Arriving at the enterprise value typically includes using various financial performance indicators such as Discounted Cash Flow (DCF), Earnings Before Interest, Taxes, Depreciation and Amortisation (EBITDA), Earnings Before Interest and Taxes (EBIT) or alternative methods, e.g. gross sales multiple.
One of the reasons that enterprise value is used is that it makes it possible to compare companies that have different financial structures, making it a useful tool to use.
The equity value is calculated by taking the enterprise value plus cash and debts into consideration. If you know these three figures you can calculate the equity figure for yourself:
Enterprise value plus cash minus total debts equals equity value
A good way to explain equity and enterprise is to use the analogy of purchasing a house. The enterprise value is represented by the value of the property. The equity value is represented by deducting the outstanding mortgage from the value of the property. Obviously, this is a simplistic and pared down example, but it illustrates the differences between the two figures.
There may also be an adjustment to the equity value due to working capital (see below). This could be a plus or minus adjustment.
Cash Free, Debt Free Sales
If you are selling a business, as well as understanding the enterprise and equity figures you will also need to be aware of cash free, debt free sales.
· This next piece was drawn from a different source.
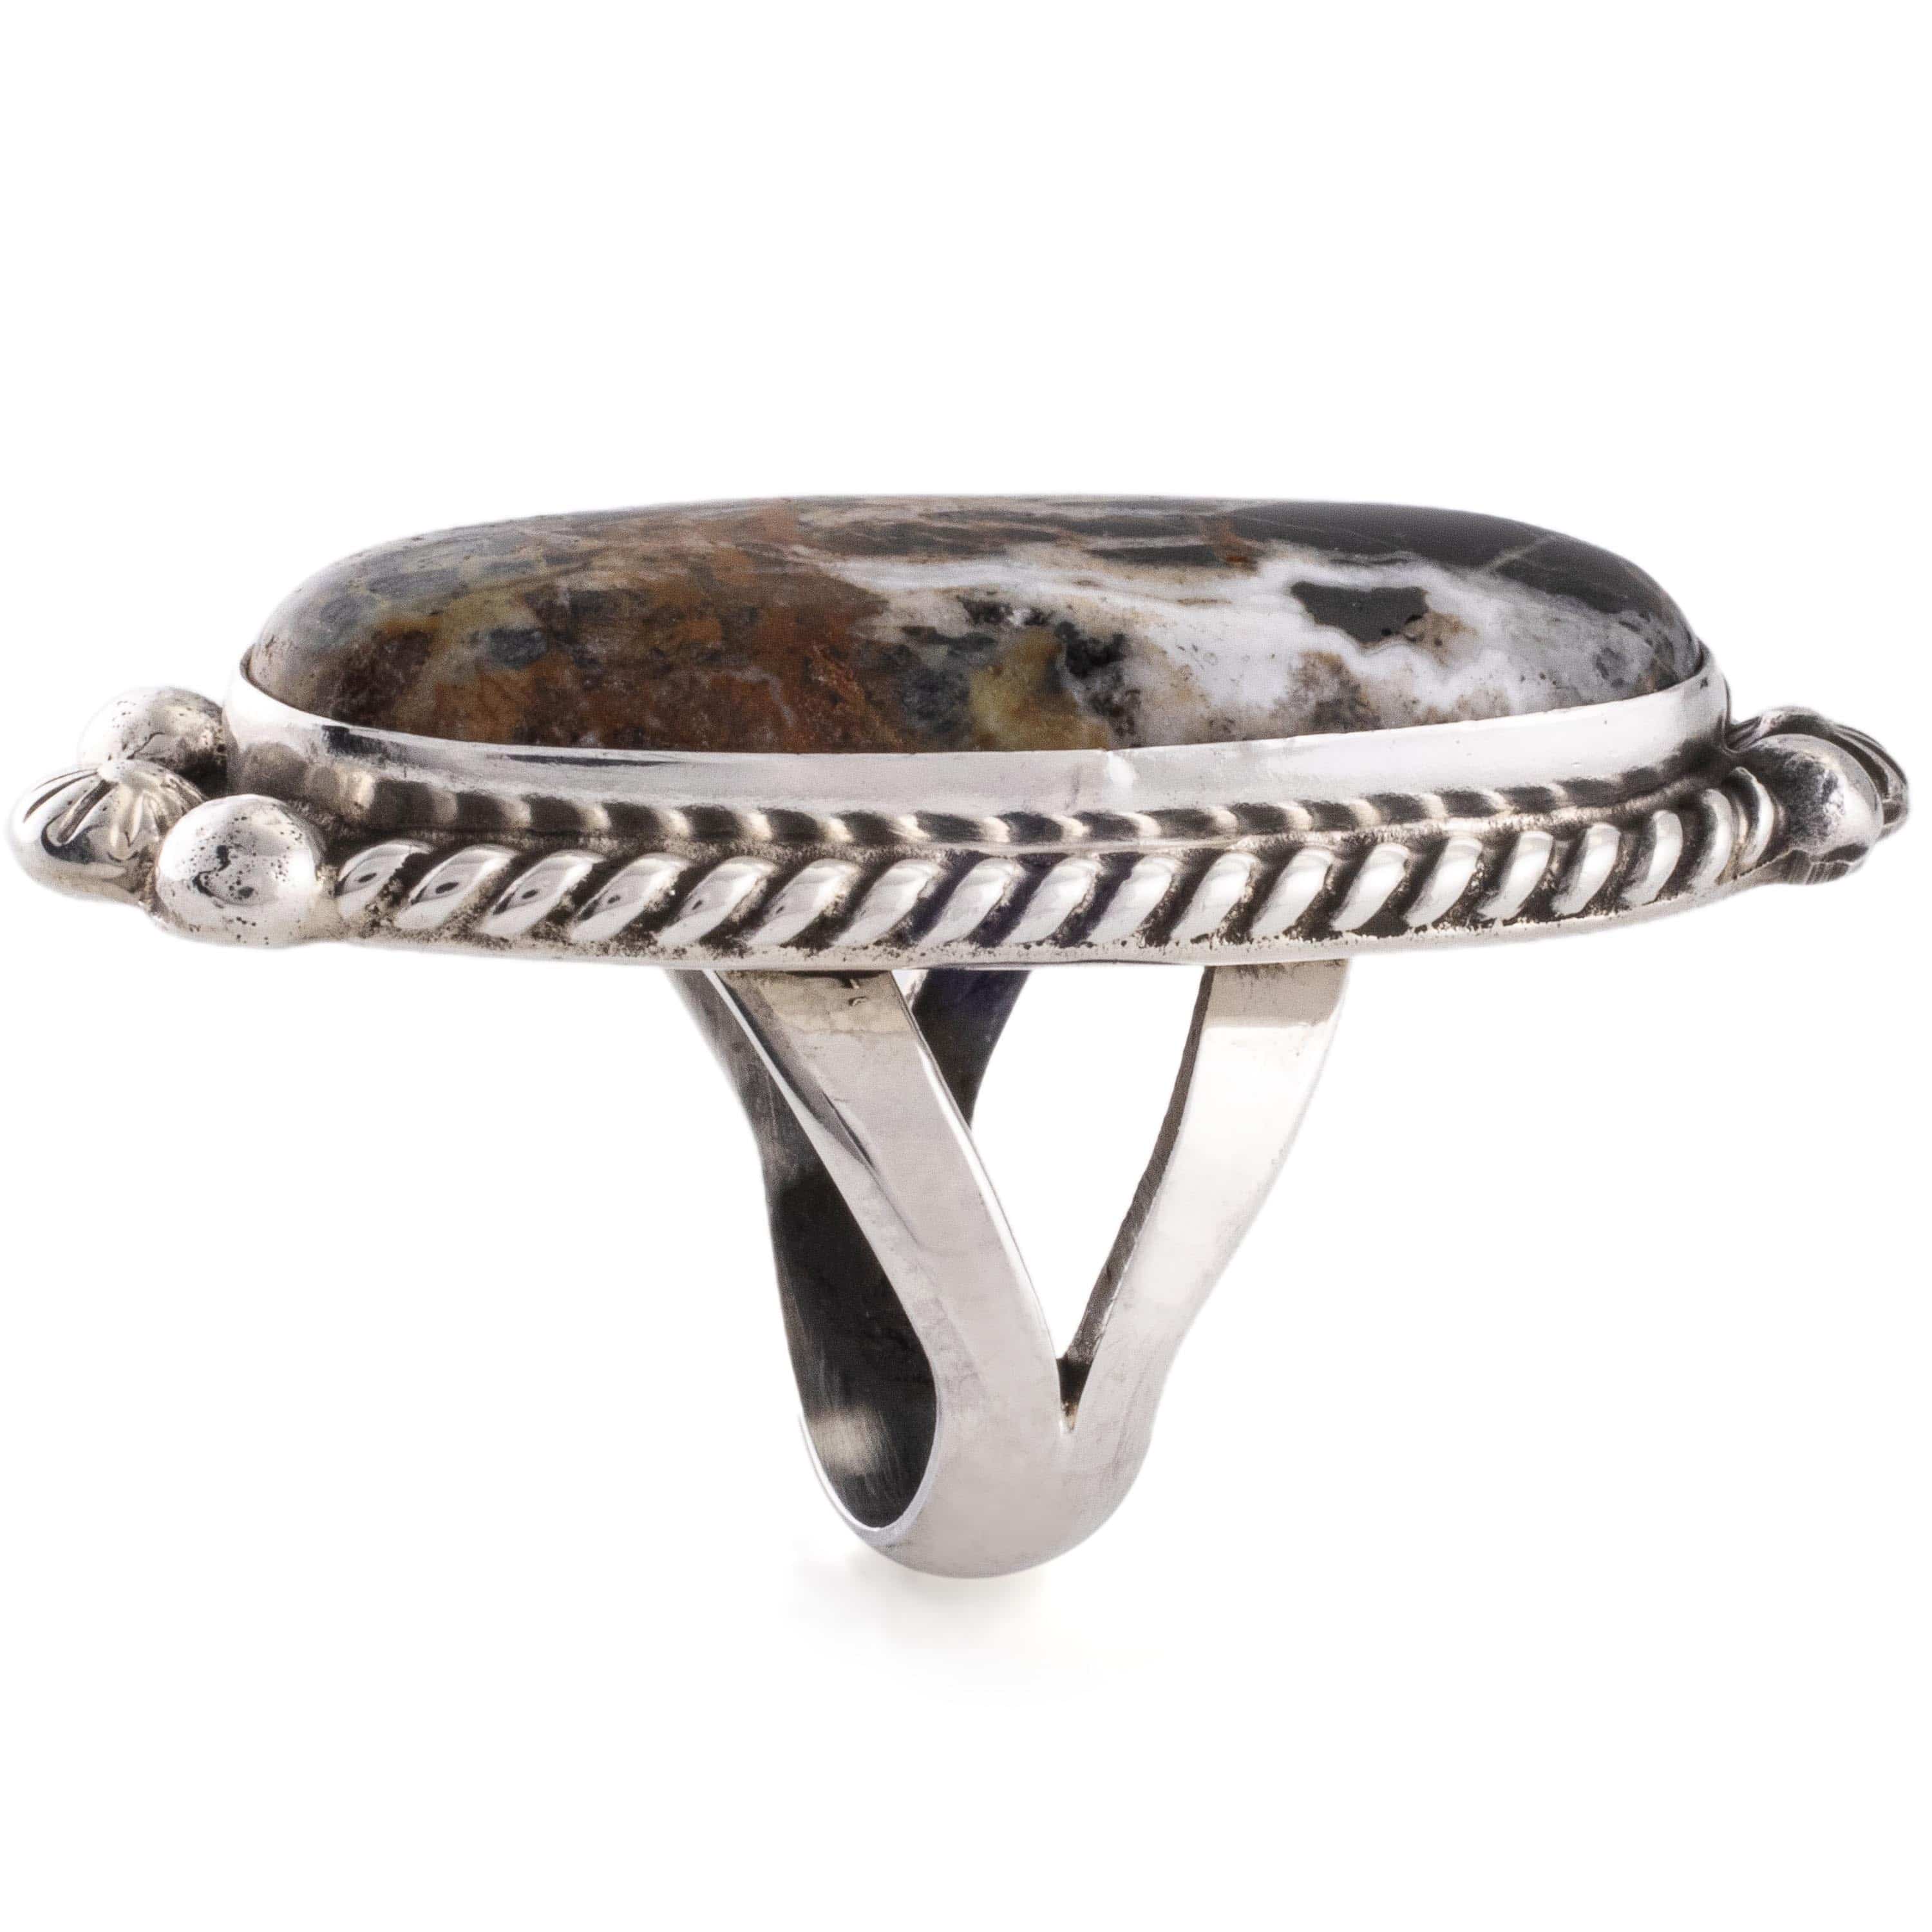 Kalifano Native American Jewelry 8 Eddie Secatero White Buffalo USA Native American Made 925 Sterling Silver Ring NAR1000.018.8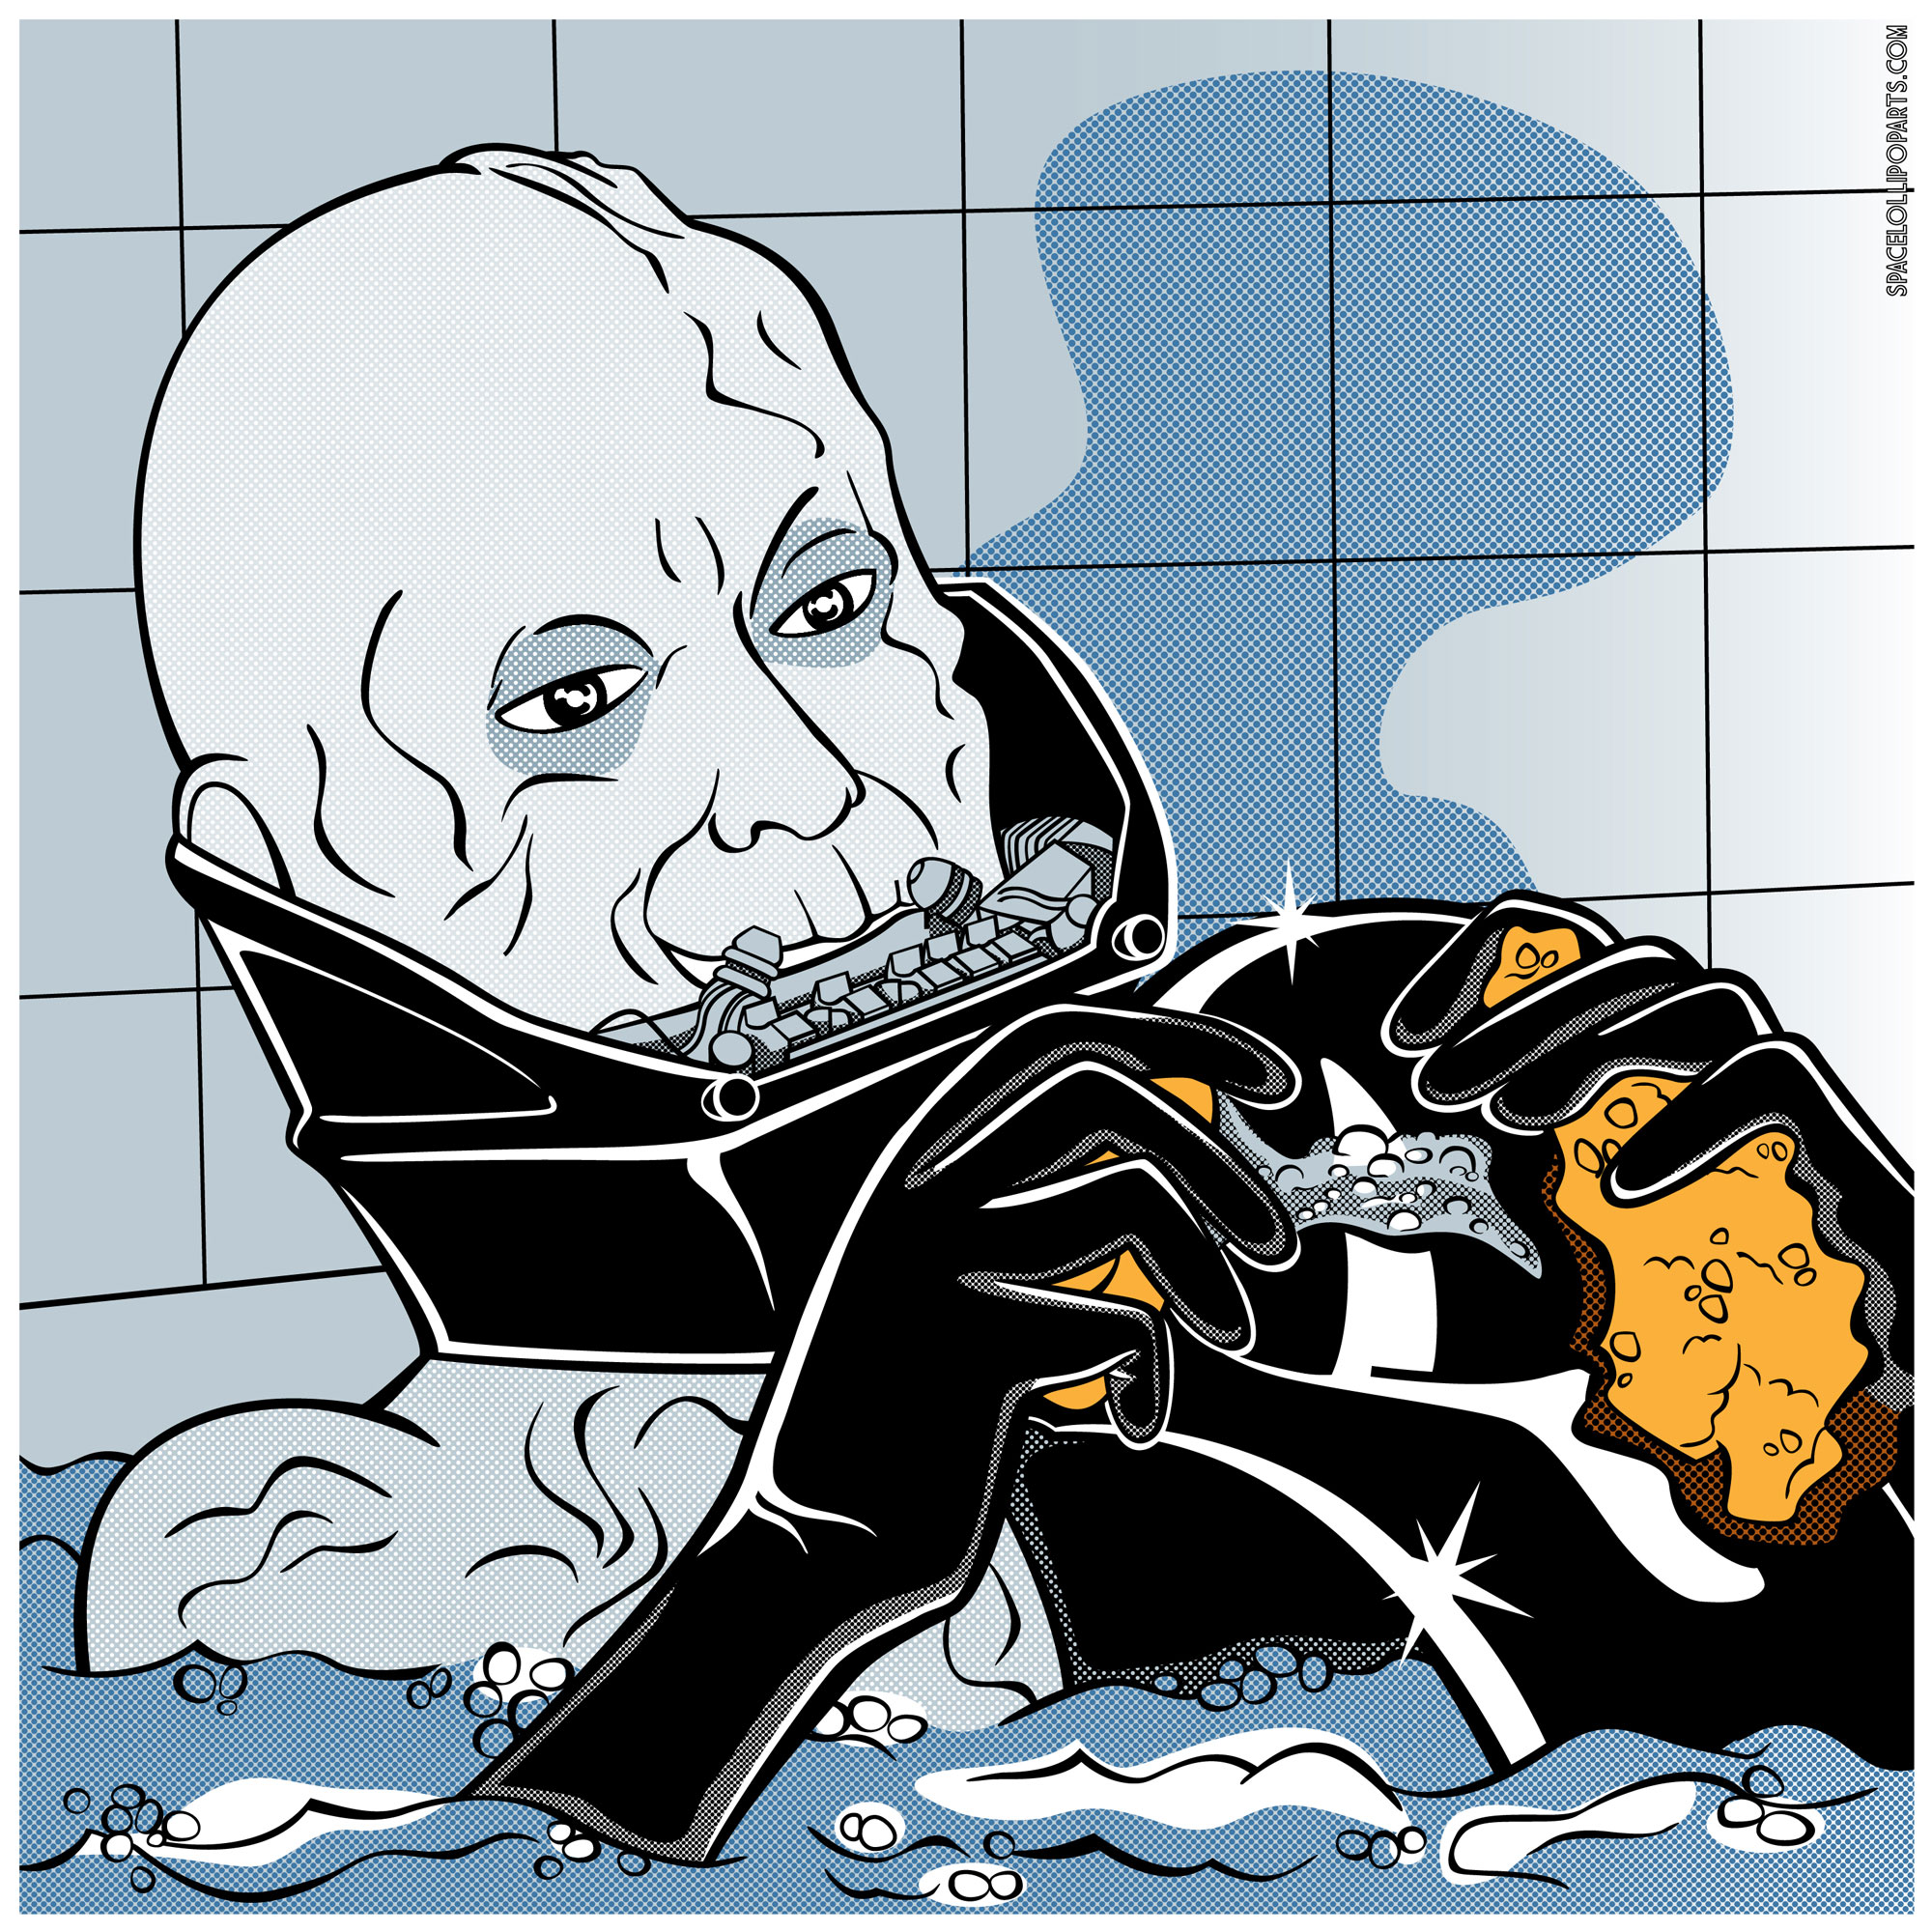 Vader taking a bath

This is another element which will have a bearing on the amount of money you are eventually paid.
In cash free, debt free sales, the seller is obliged to take out all of the company’s cash and pay off any debts prior to completion. In theory, this sounds like an easier way for the sale to proceed but in practice it is not always possible.
Therefore, if a cash free, debt free sale has been agreed, there will normally be changes made to the purchase price to reflect the fact that cash has not been taken and/or debts not been cleared. The adjustments will be made pound for pound, calculated on the exact amount of debts and cash.
There is not a single universal clear definition of what is included in a company’s cash and debt figures so this must be agreed at the outset.
Cash would typically include petty cash, cash held in escrow, card payments or money in transit, rent deposits and cash in any bank accounts.
Debts normally include shareholder loans, finance, bank loans, overdrafts, declared but unpaid dividends and long-term debts.
An allowance for working capital is often included in the cash free, debt free calculation. This is because if the seller removed all of the cash (as defined above) from a business, it may be difficult to continue operating. Making an allowance for working capital means that the cash free, debt free model can still be used while still allowing the business to operate without interruption.
The working capital is typically agreed fairly early in the process but can be adjusted close to the completion date if there is a significant difference between the planned target and the actual amount.
There are different models for calculating an appropriate amount of working capital and what you use depends on the type of business. Twelve months may be an appropriate amount of working capital for many businesses, but if there are marked seasonal peaks and troughs, a different amount may be needed to cover the extremes of trading.